Without hesitation, Father Ohara led him forward. The darkness closed about them. Even the flashlights couldn't penetrate the gloom. Michael grew more and more apprehensive as they went. The wide room fell away and they were surrounded by a narrow stone passage. The Father led on, silent now.

 

 

At last they reached the end of the passage. There was a bend to the left which became a short hall that ended in a reinforced wooden door. A sturdy chain ran through three eyelets on the door, through the handle, and through three more eyelets fastened into the wall. A padlock, much larger than the one on the trapdoor, secured the chain. Along the wall opposite the eyelets was a row of short slots. Each slot had a knob so that the cover could be slid to the side. Father Ohara motioned to these.

 

 

Sweating despite the chill, Michael stepped forward and opened up one of the slots. Behind the cover he was presented with a rectangular opening about eight inches wide and three inches tall. Even before he leaned in, he was assaulted by the most offensive odor. It smelled of rot and excrement, worse than the oldest curdled milk he had ever had the misfortune to dig out of the back of his refrigerator. He recoiled. Pulling a handkerchief from his pocket, he covered his nose and mouth and leaned in to view the room beyond.

 

 

It was worse than he had imagined. Of course, it would have had to have been. In his experience, Michael had never dreamed of anything like what he was seeing and there was no film in existence that did it justice. It was death. Only death. There were dozens of zombies inside. The room was large but still crowded enough so that they were bumping into each other. Some were damaged, having fought zombies and been bitten. Others seemed unmarked and yet they were splattered with gore here and there. Their clothing was visibly dirty, their hair matted. It was hard to tell where the filth ended and the person, what was left of the person, began. But the worst part about it was that the majority of them were teens. Just like Michael's son. These idiots had gone out
hunting
zombies as if it was some glorious sport. And look what had happened to them.

 

 

"Do you see your son?"

 

 

It was difficult to angle the flashlight so that he could see the whole room, but he managed. Kyle was at the far end of the room, slouched as he shuffled about. Michael's opening of the view slot had disturbed them. Some of them had sort of homed in on the source and were milling around close or moving in his direction. Others, like Kyle, were just meandering about. Kyle was stuck in a loop where he would walk face first into the wall, bounce back a few inches, and then do it again. Michael began to cry. He was overtaken by shuddering sobs and sank to the floor with his back against the wall. The handkerchief dropped from his grasp.

 

 

Father Ohara knelt beside him and took his hand. "When Esteban came to me, he told me that he understood the disease. He said he'd been foolish to give up his faith and that this disease had reopened his eyes.

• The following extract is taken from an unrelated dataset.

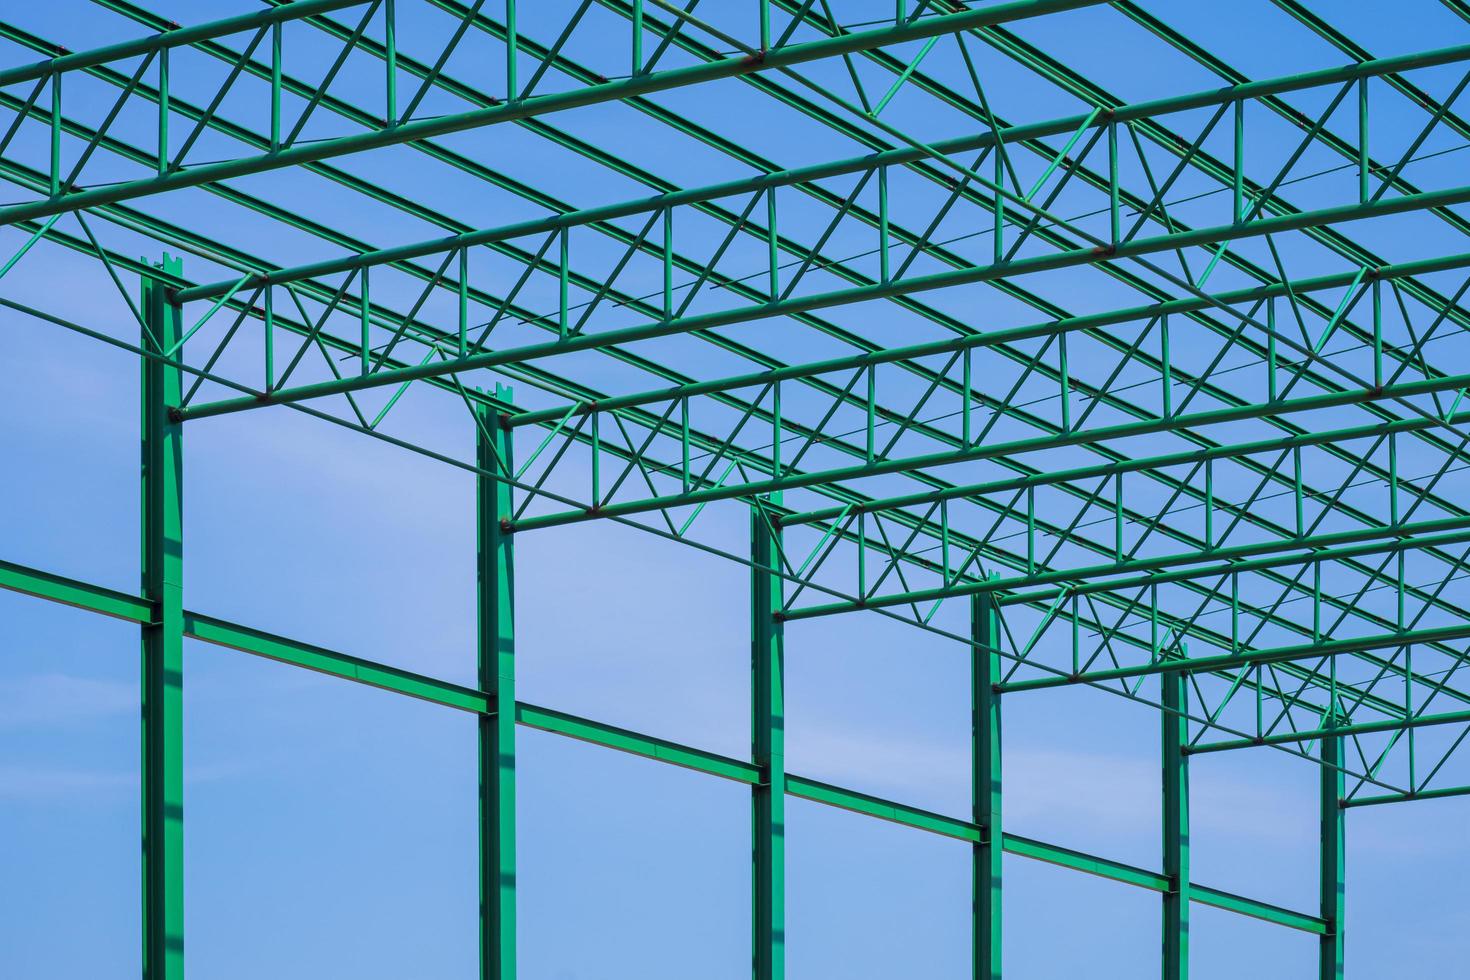 lage hoekmening van groen stalen dak van magazijnbouwstructuur in bouwgebied tegen blauwe hemelachtergrond foto

It was not a sickness of the body but of the soul, which is why the body withers from within. He didn't call it Judgment Day but he didn't have to. Michael, he said that he would find a way to free his soul, cure it so that he could move on. Only then would the body just lay down and properly die. But he needed me to protect his body while he did so. He
begged
me, Michael, and he was so
sure
.

 

 

"You're the sixth person I've brought down here, the sixth parent. That's how you knew, isn't it? Other parishioners told you? When Kyle disappeared, you went looking for answers and found them. I'm so sorry, Michael, but I promise to protect his soul until he and Esteban and all of the others can find a way to free themselves."